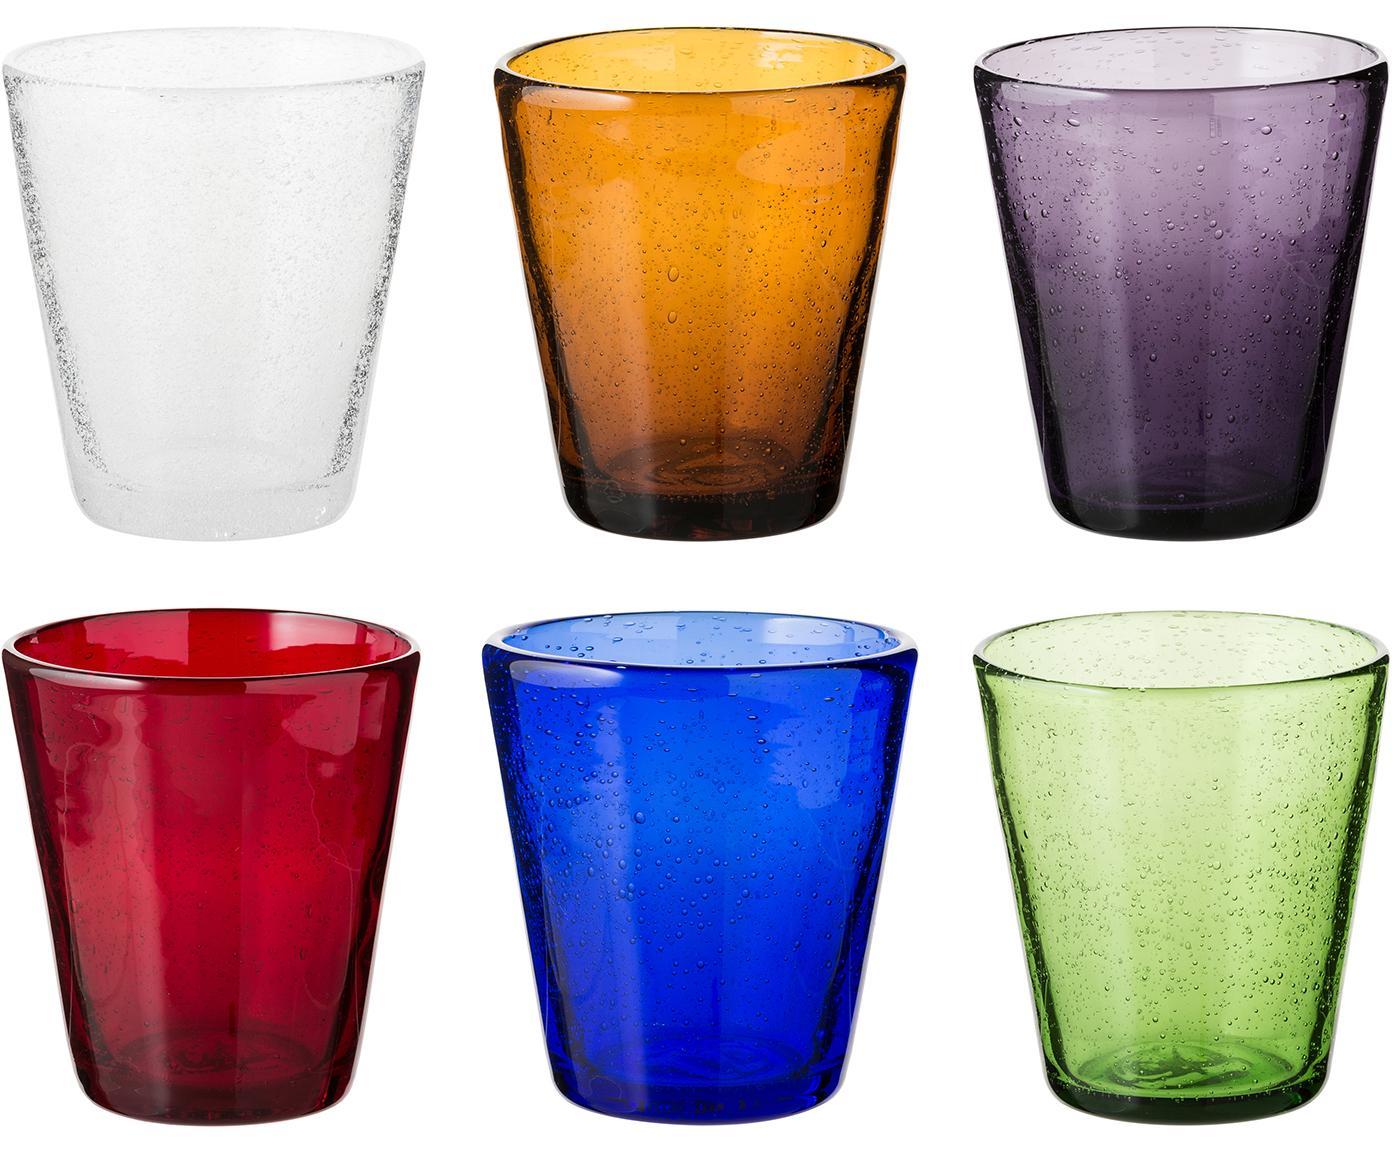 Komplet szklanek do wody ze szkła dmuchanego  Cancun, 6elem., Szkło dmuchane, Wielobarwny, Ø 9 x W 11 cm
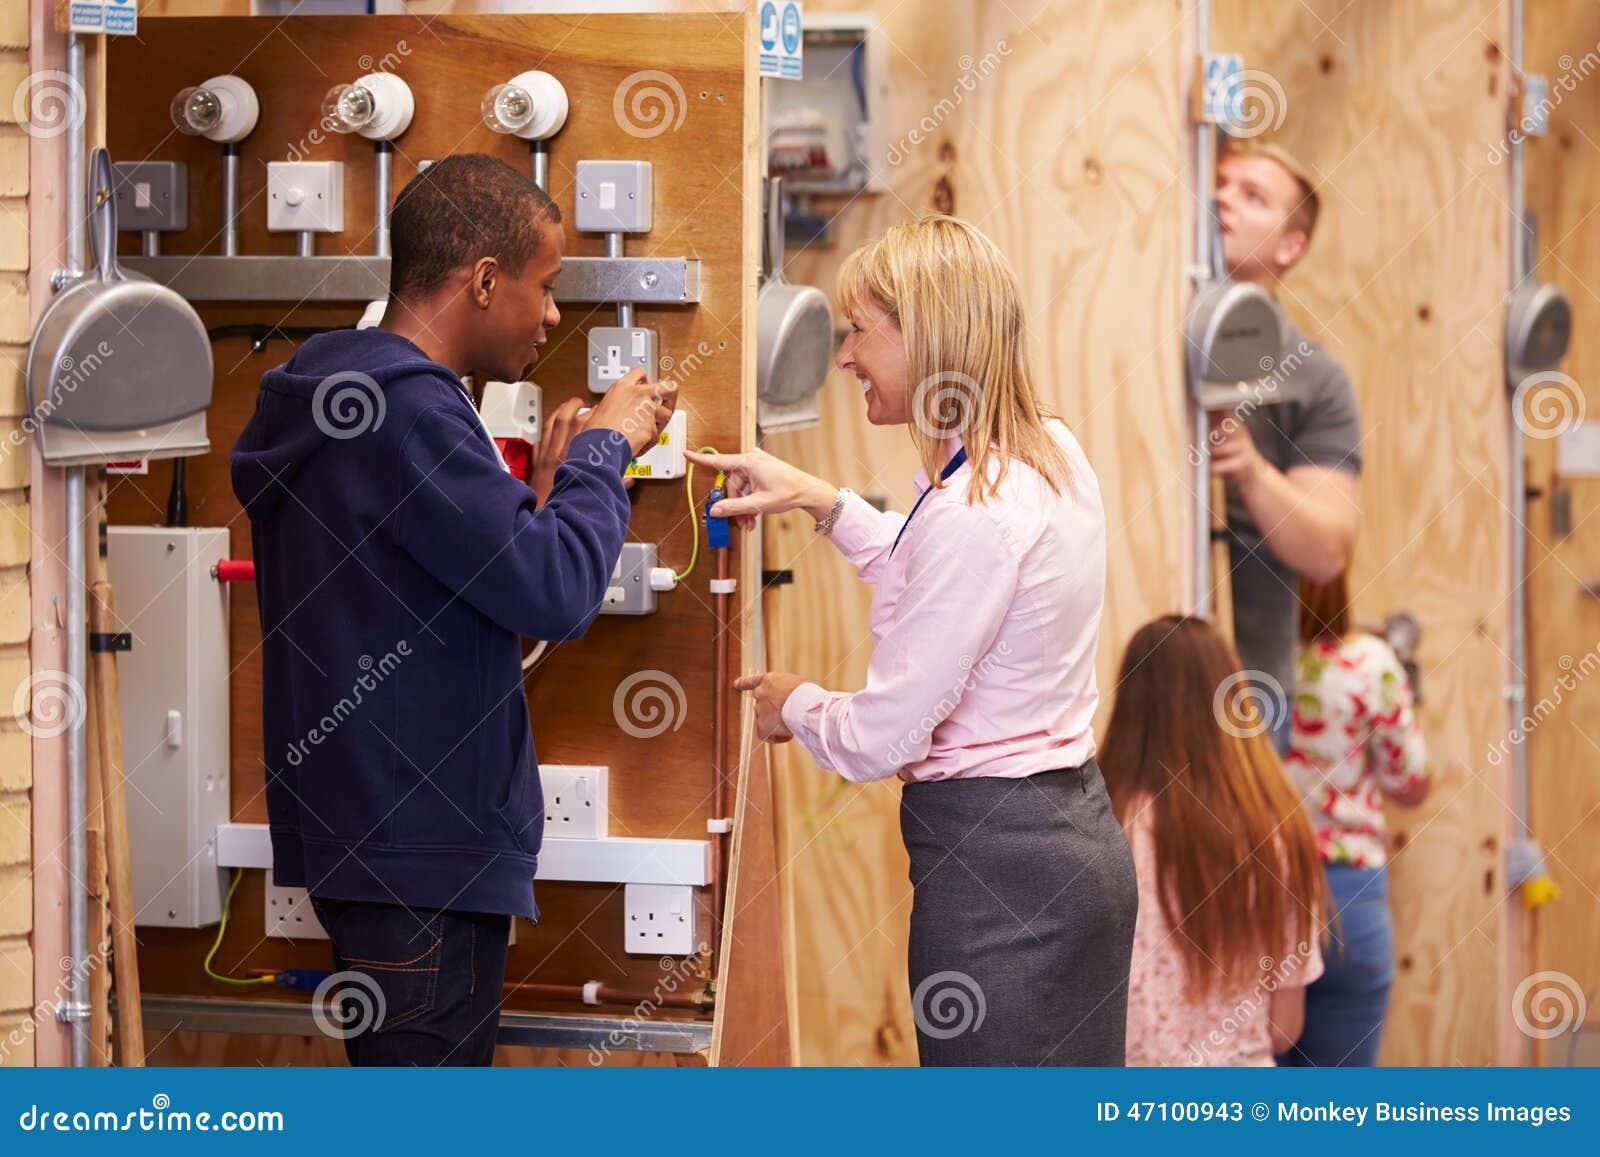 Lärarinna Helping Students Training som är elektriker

* * *

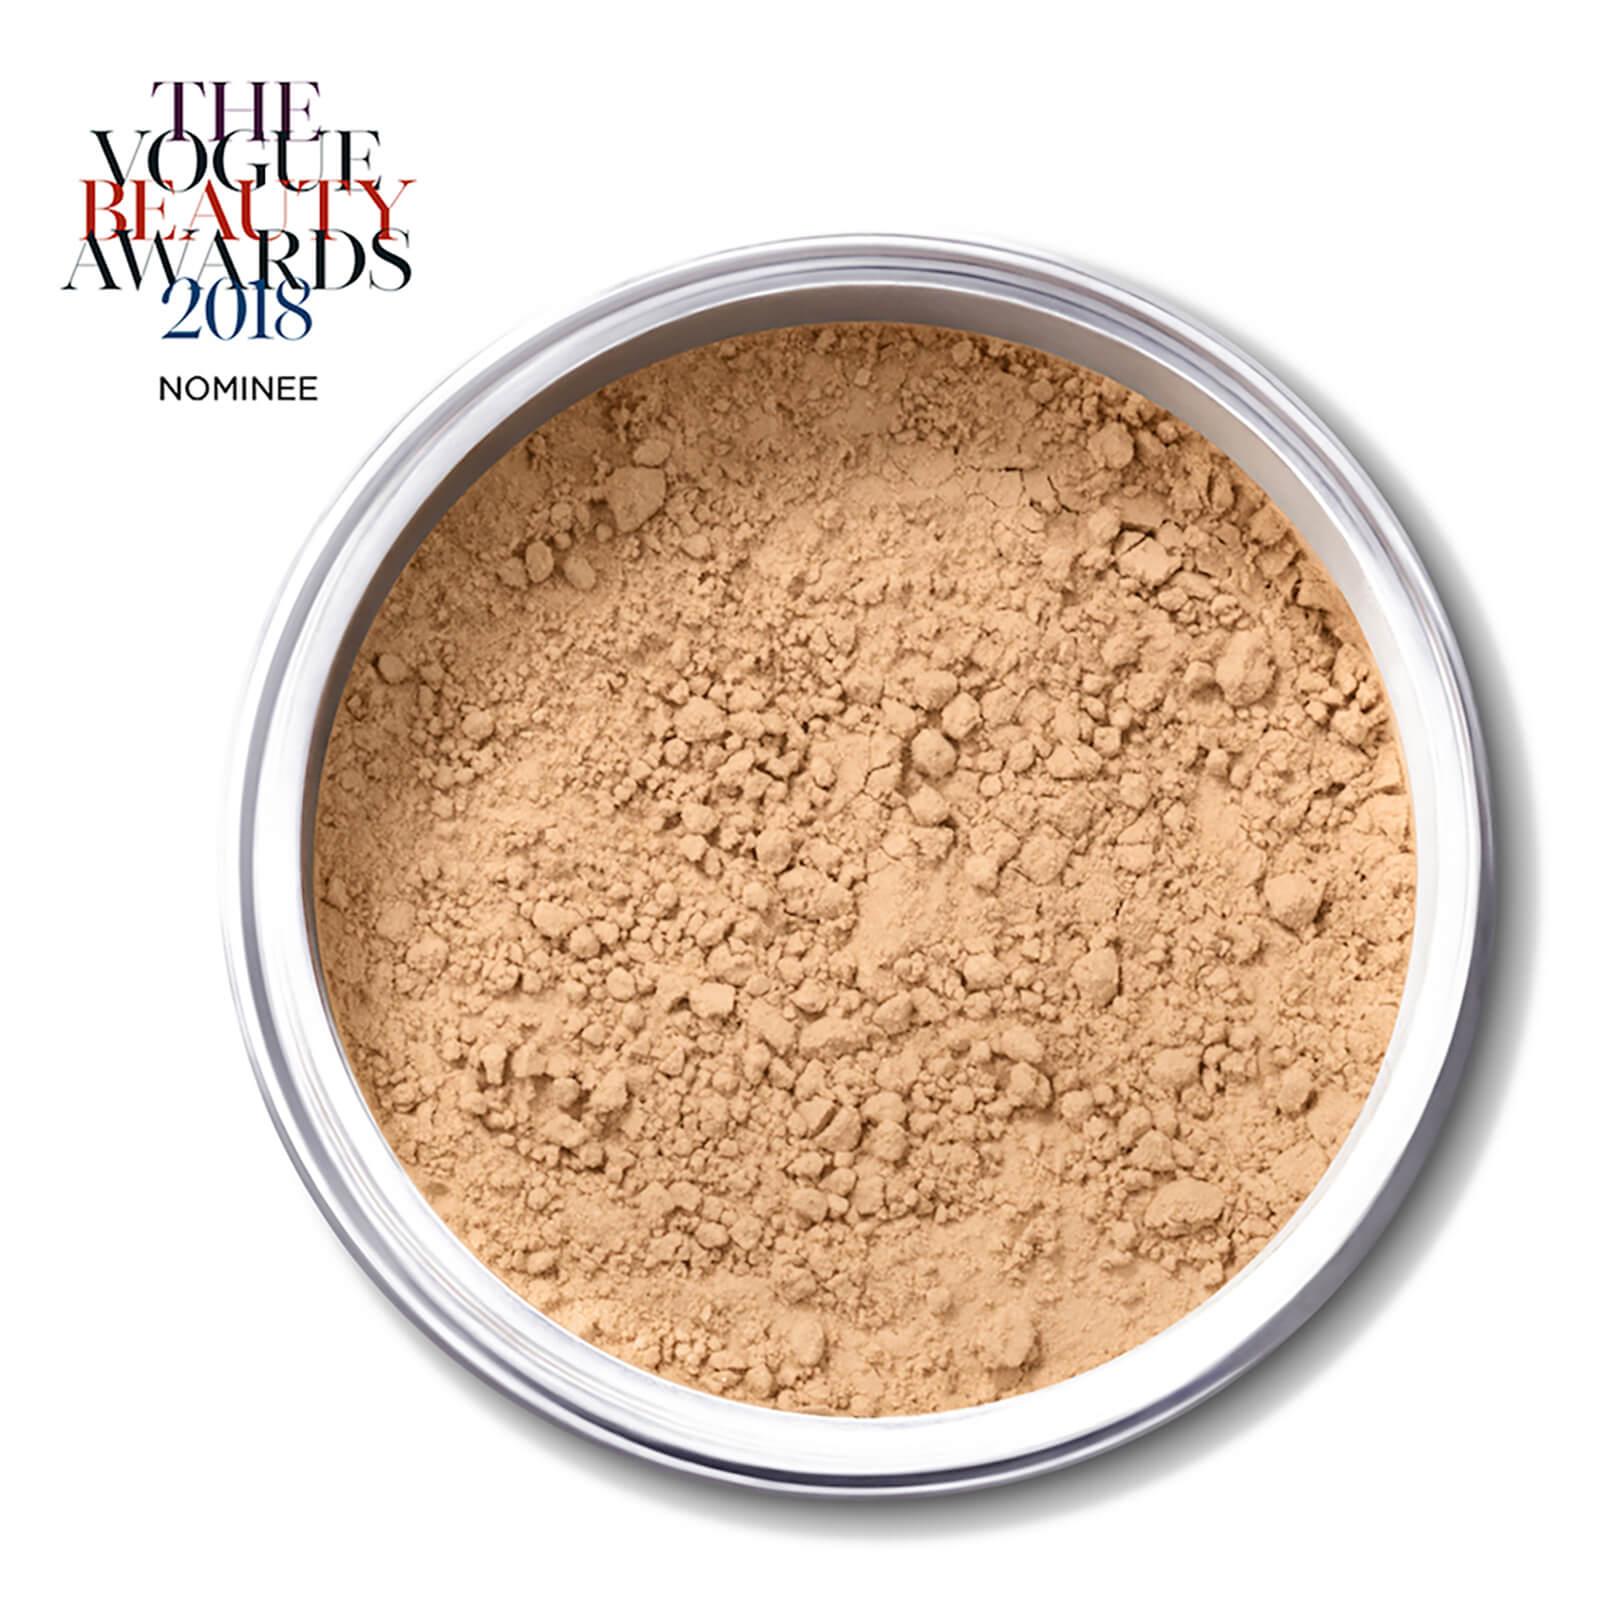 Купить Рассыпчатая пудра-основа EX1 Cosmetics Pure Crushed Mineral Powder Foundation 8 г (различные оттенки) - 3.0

...

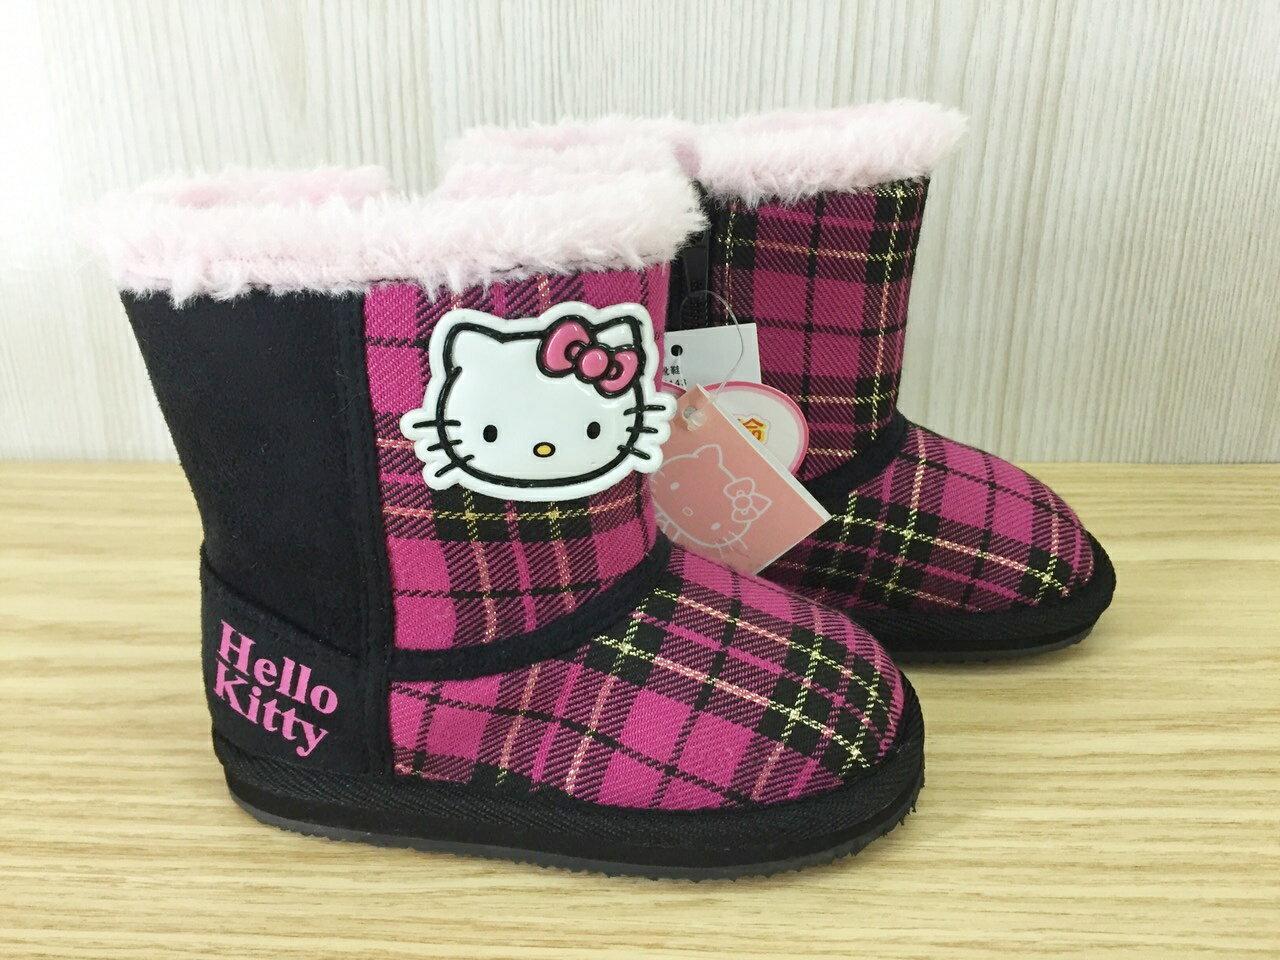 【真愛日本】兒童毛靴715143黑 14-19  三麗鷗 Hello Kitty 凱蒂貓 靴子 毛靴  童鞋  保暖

• [Exercise objective]
Copy only what runs above from the line containing "Komplet szklanek do" through the line containing "Lärarinna Helping Students", exactly. Leave out the pictures.

• [Solution to this task]
 Komplet szklanek do wody ze szkła dmuchanego  Cancun, 6elem., Szkło dmuchane, Wielobarwny, Ø 9 x W 11 cm
 Lärarinna Helping Students Training som är elektriker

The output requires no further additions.